The line between explaining an atrocity, which is an essential task, and 
excusing it is fuzzy and requires vigilant policing - a vigilance lacking these
last few days.

But the most serious flaw in this "blame America" critique is its substance. 
It's not that the US record abroad is not filled with appalling atrocities - 
coups planned and executed, whole continents destabilised, vile regimes propped
up. But the claim that it is these specifics which have driven the Islamic world
insane with rage is shaky at best.

Take the first two charges on the anti-American rap sheet: the decade-long US 
war on Iraq and the US military presence in Saudi Arabia. They sound like 
convincing provocations until one remembers that America was branded the Great 
Satan long before either development: the stars and stripes were burned and US 
embassy officials taken hostage in Tehran 22 years ago. Also: if the US army's 
presence in Saudi Arabia so incenses Islamic fundamentalists then why do they 
never target the Saudi royal family, which invited the Americans in as 
protectors against Saddam Hussein in the first place? Nor do these advocates 
ever address those bits of the US record which don't fit the 
America-against-Islam thesis.
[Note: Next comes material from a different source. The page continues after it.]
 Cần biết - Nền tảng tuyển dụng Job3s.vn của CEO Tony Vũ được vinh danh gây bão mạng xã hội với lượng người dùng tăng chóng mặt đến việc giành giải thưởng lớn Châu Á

The Americans intervened twice in the Balkans in 
the last decade - both times on the side of Muslims who faced ethnic cleansing.
(When the US did that, incidentally, the same crowd opposed them then, too.)
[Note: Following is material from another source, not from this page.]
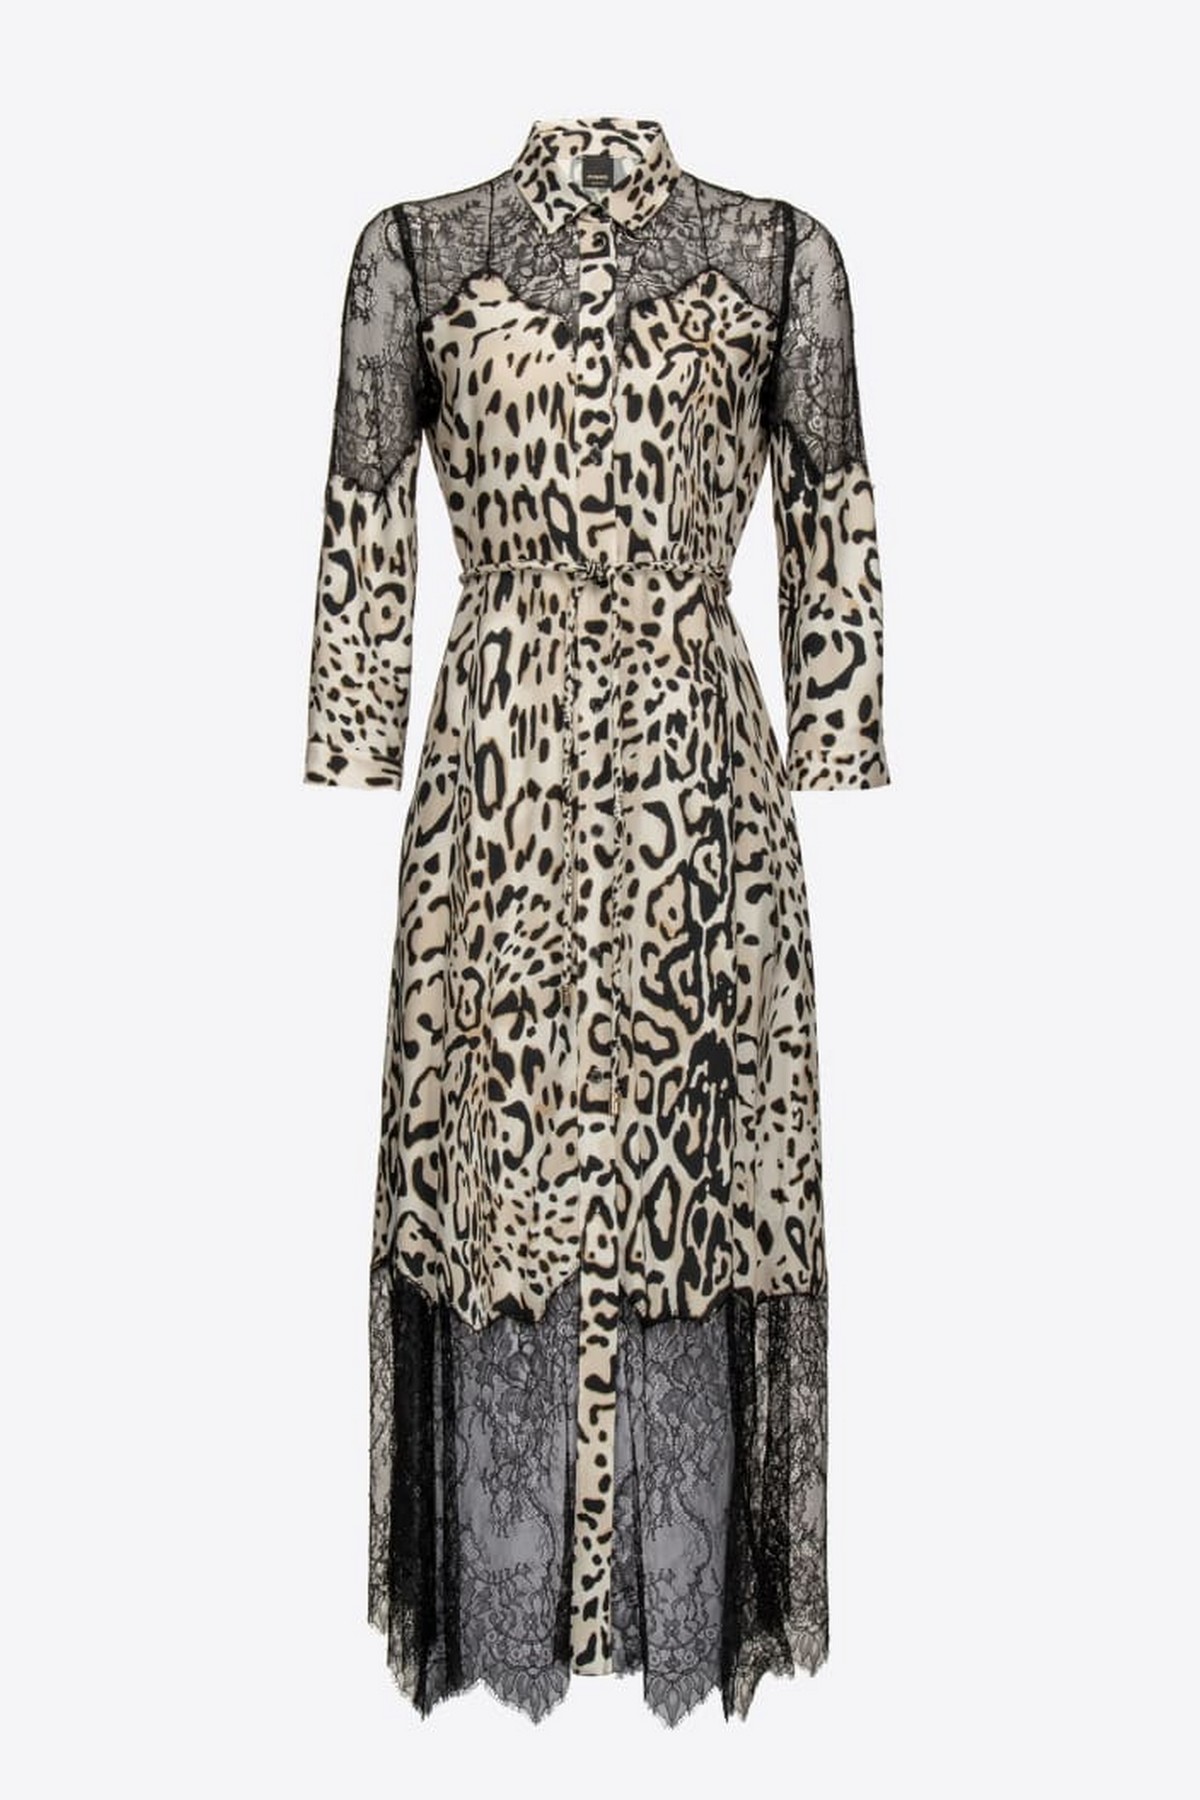 Kleed lang leopard kant in de kleur ecru zwart van het merk Pinko

Above all, we're told, it is American support for Israel which so enrages the 
developing world. Yet that argument hardly seems to stack up. It was George 
Bush Sr who took the hardest line on Israel - denying $10bn of loan guarantees 
in pursuit of a freeze on settlement activity - and yet he was as hated across 
the Middle East as any other US president.
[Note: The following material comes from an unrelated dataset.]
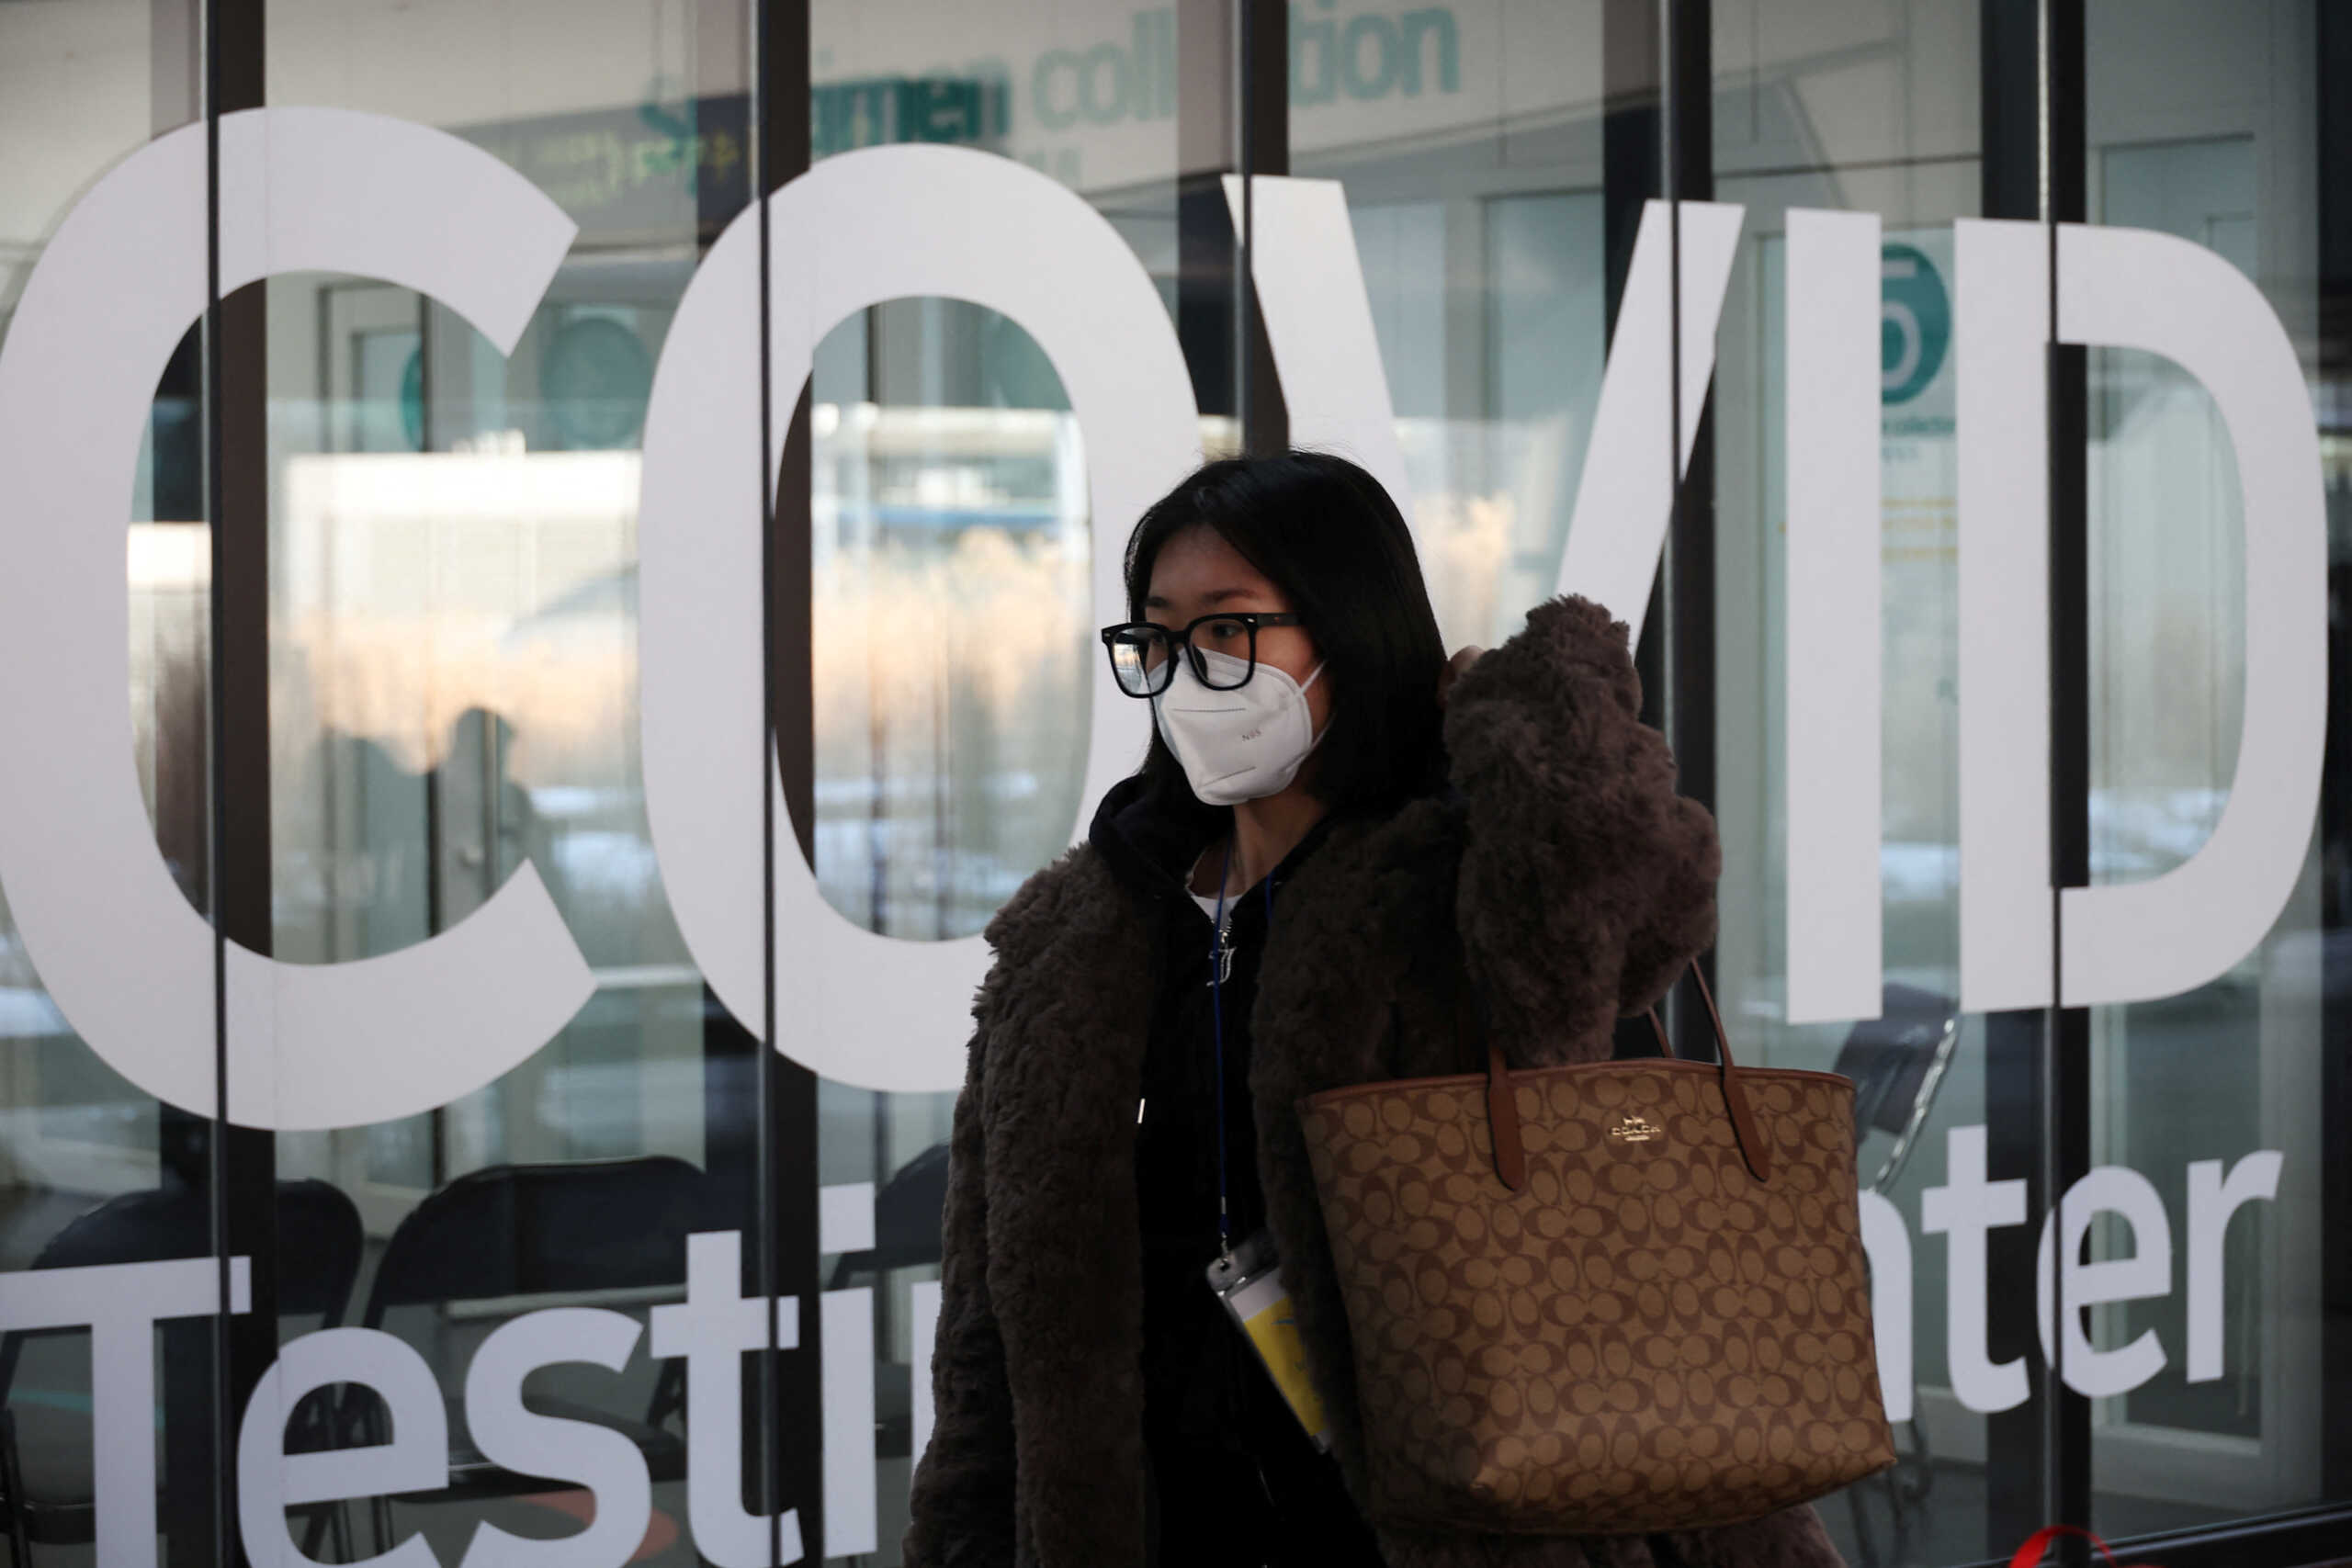 Σύσκεψη στο Μαξίμου για κορονοϊό: Αρνητικό τεστ 48 ωρών και υποχρεωτική χρήση μάσκας για όσους θα έρχονται από την Κίνα

No, there is a naivete in all these attempts to explain the fury that burst 
forth on September 11. They seem to suggest that if only the US pursued a 
different foreign policy, the hijackers would never have boarded those planes. 
Yet if Washington dropped the sanctions against Baghdad and pulled out of Saudi
tomorrow, would it really make any difference? Wouldn't the hatreds on display 
in Iran in 1979 still be there?

Equally, would a change of tack on Israel really alter much? The commentators 
may believe it is US support for Israel's 34-year-old occupation of the West 
Bank and Gaza that so angers Islamic fundamentalists. But, once again, they are
naive. Last Tuesday's hijackers and the people who inspire them are not opposed 
to the post-1967 occupation: they are opposed to Israel's very existence, which
they regard as an alien Jewish incursion into what should be Muslim lands. Only 
American support for that position - total eradication of the Jewish state - 
would begin to placate them.

There is a kind of comfort in imagining the fault for last Tuesday lies in 
America's hands, because so then does the solution. That was Falwell's gospel 
and it is the New Statesman's too. The US merely has to shake off its evil ways
and all will be well. But this is a false comfort. The harsher truth may be that
America's offence consists of things it cannot do much to alter: its wealth, its
modernity, its centrality in the global capitalist order, its brash westernness,
its existence as an opposite pole to everything fundamentalist Islam stands for.
Sure, it could tweak its foreign policy and it would be cosy to think that would
prevent future atrocities. But the scarier truth might be that America is hated 
just for itself. And there is little it can do about that.

Progressives need to recognise this, and tone down the anti-American invective,
if they are to make headway in the struggle to come. We may well want to 
challenge a wrong-headed response to September 11, should President Bush stick 
to his "wanted dead-or-alive" and "crusade" rhetoric and make a dangerous move.
But mainstream US ears will be closed to our pleas if we can be dismissed as 
callous critics who were never capable of sympathy, only blame.